Неожиданно сбоку открылась большая площадка, от которой под косым углом вели две глубокие колеи; Корней затормозил, осторожно ощупывая фарами новую тропу. В это время спереди от гигантской могучей сосны вдруг оторвалась темная фигура высокой статной женщины и, выступив на дорогу, легко побежала к машине. Корней отворил дверцу, напряженно всматриваясь. Ипата обняла его шею, голову обнаженными щедрыми руками:
– Вернулся, – шепнула.
– Да, я… – и смолк, подчиняясь ее сосредоточенному поцелую.

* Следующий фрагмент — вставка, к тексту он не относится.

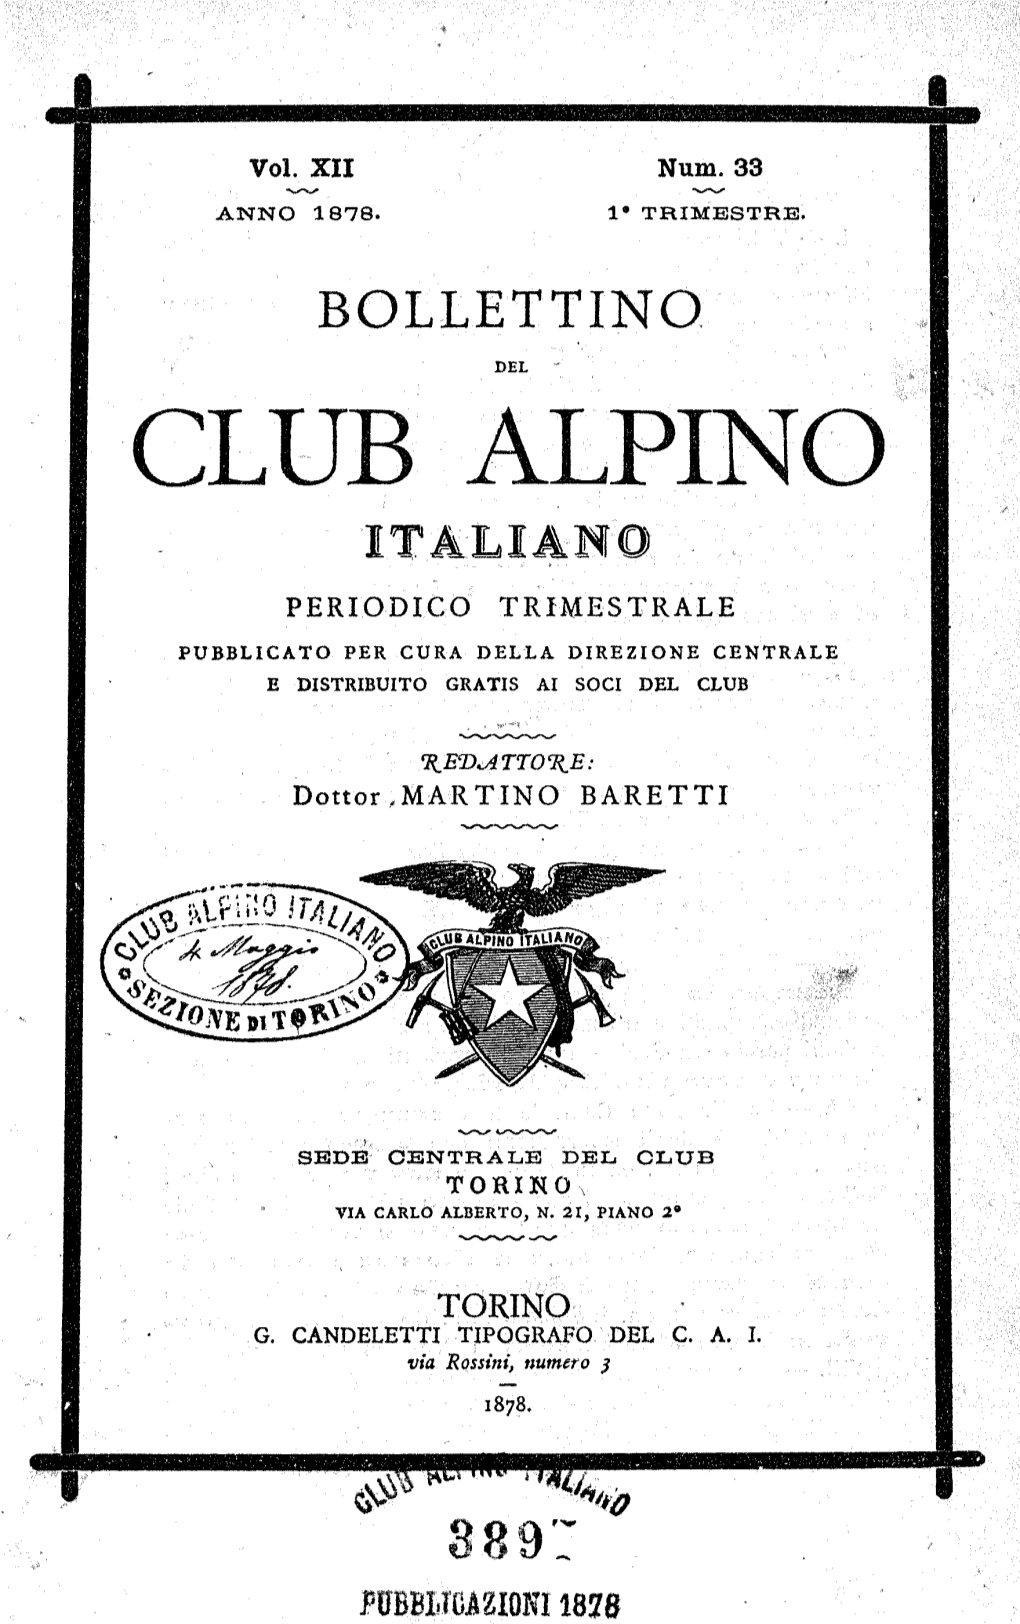 Club Alpino Italiano • Periodico Trimestrale

Через минуту она уверенно уселась рядом с ним, и Корней медленно повернул в темную душную аллею. (Это здесь когда-то на него пахнуло сиренью.)

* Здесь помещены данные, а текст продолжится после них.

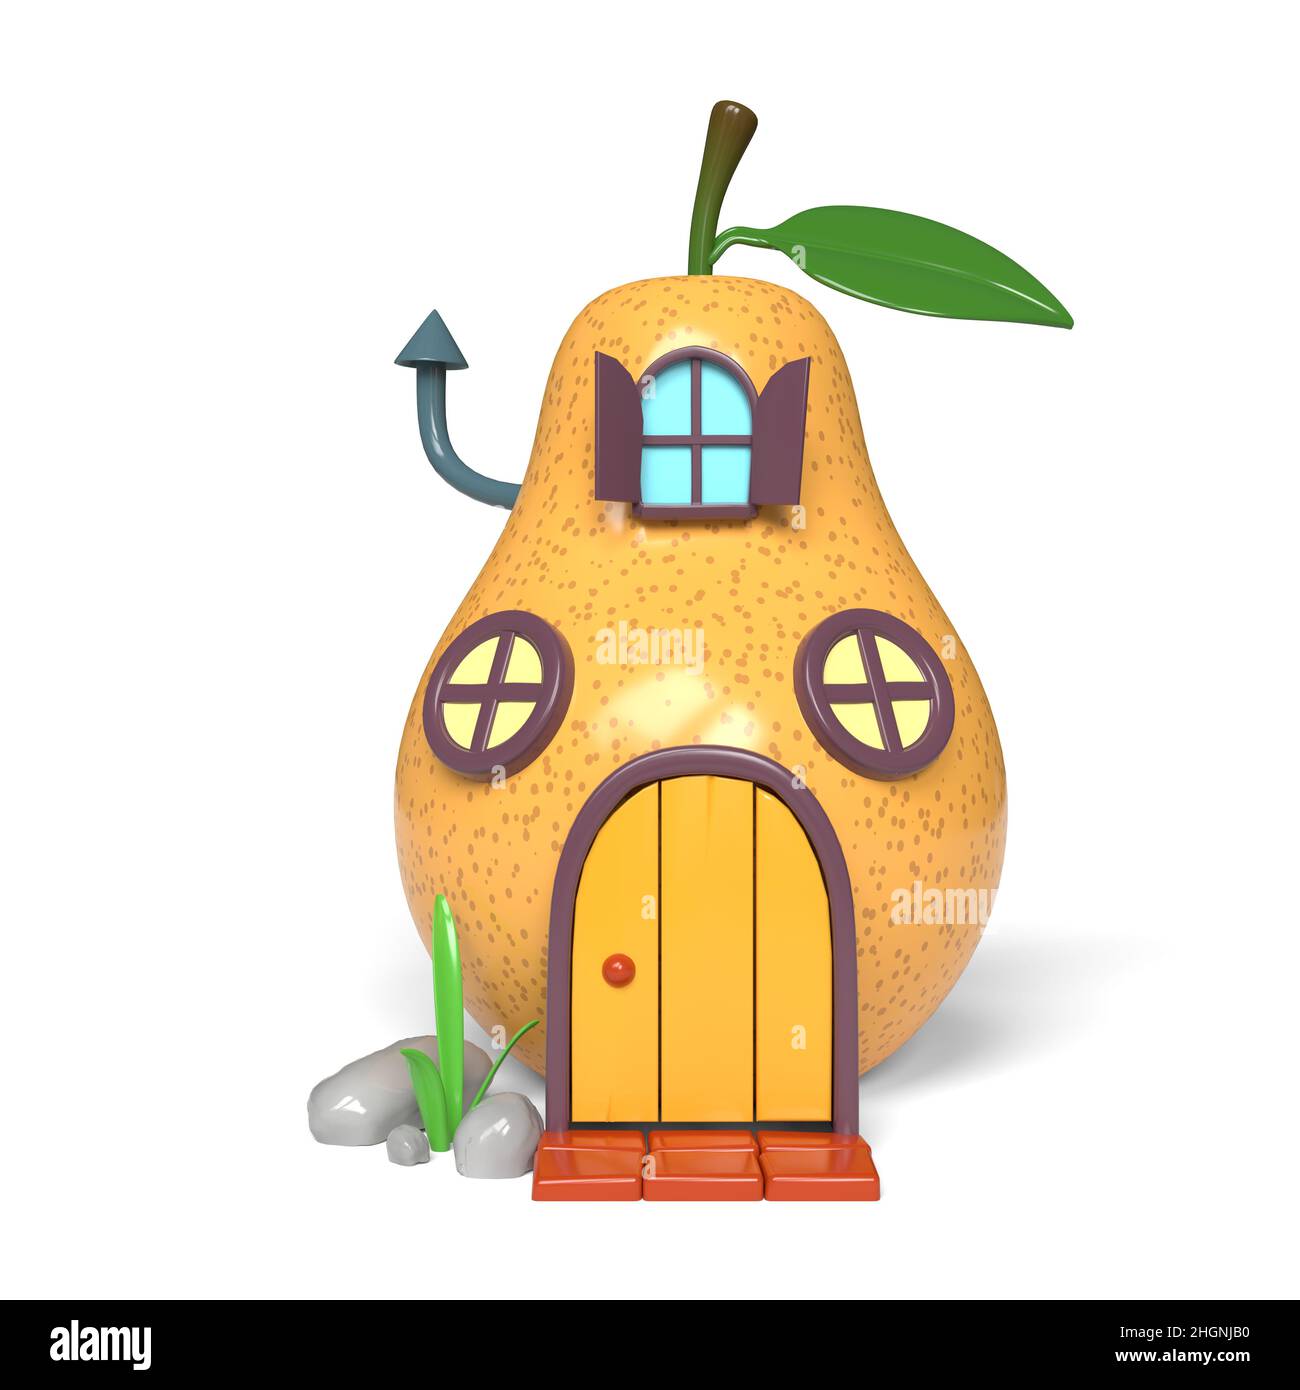 Cute cartoon pear house. 3D illustration. Stock Photo

– Налево, – поправлял он сам себя, – куда ты, налево!
Простучав над самым краем картофельного поля, «шевроле» вдруг резко уперся фарами в громоздкий, крытый драницей амбар; рядом из окна жилого дома брезжил огонек керосиновой лампы. Тявкнула дворняжка, радуясь неожиданному развлечению. Дверь на крыльце скрипнула, и Корней содрогнулся от знакомого громового, преисполненного любви голоса проповедника:
– Кто тут? Кто шляется под окнами? Что нужно проходимцам в этот час?
– Это я, – слабо откликнулся Корней, – Конрад, Конрад Ямб.
– Какой такой Ямб? – недовольно расспрашивал патриарх. – Вот спущу собак на нечестивца.
– Это мы, отец, – отозвалась Ипата. – Жамб вернулся.
Помедлив, пастырь решил:
– Ладно, входите, коли так.
На столе перед лениво мигающей редкими угольками печью собран был ужин. Конрада молча усадили возле чахлого Фомы, налили густых щей с убоиной, отрезали ломоть хлеба и придвинули плетеную бутыль. Три пары глаз тихо и внимательно смотрели на него.
– Видишь, вернулся, – сказал, наконец, слепой пастырь. – Напрасно только грешил.
– Мне казалось…
– Сколько мук?
– Да, отец, сколько лишних мук. Но я готов…
Фома вдруг захныкал. Ипата строго приказала:
– Ступай спать, поздно! – И тот поспешно юркнул за темный порог спальни.
– Ты что, все болел памятью? – опять спросил старец.
– Да, и памятью.
– А теперь выздоровел, все вспомнил? – насмешливо настаивал хозяин.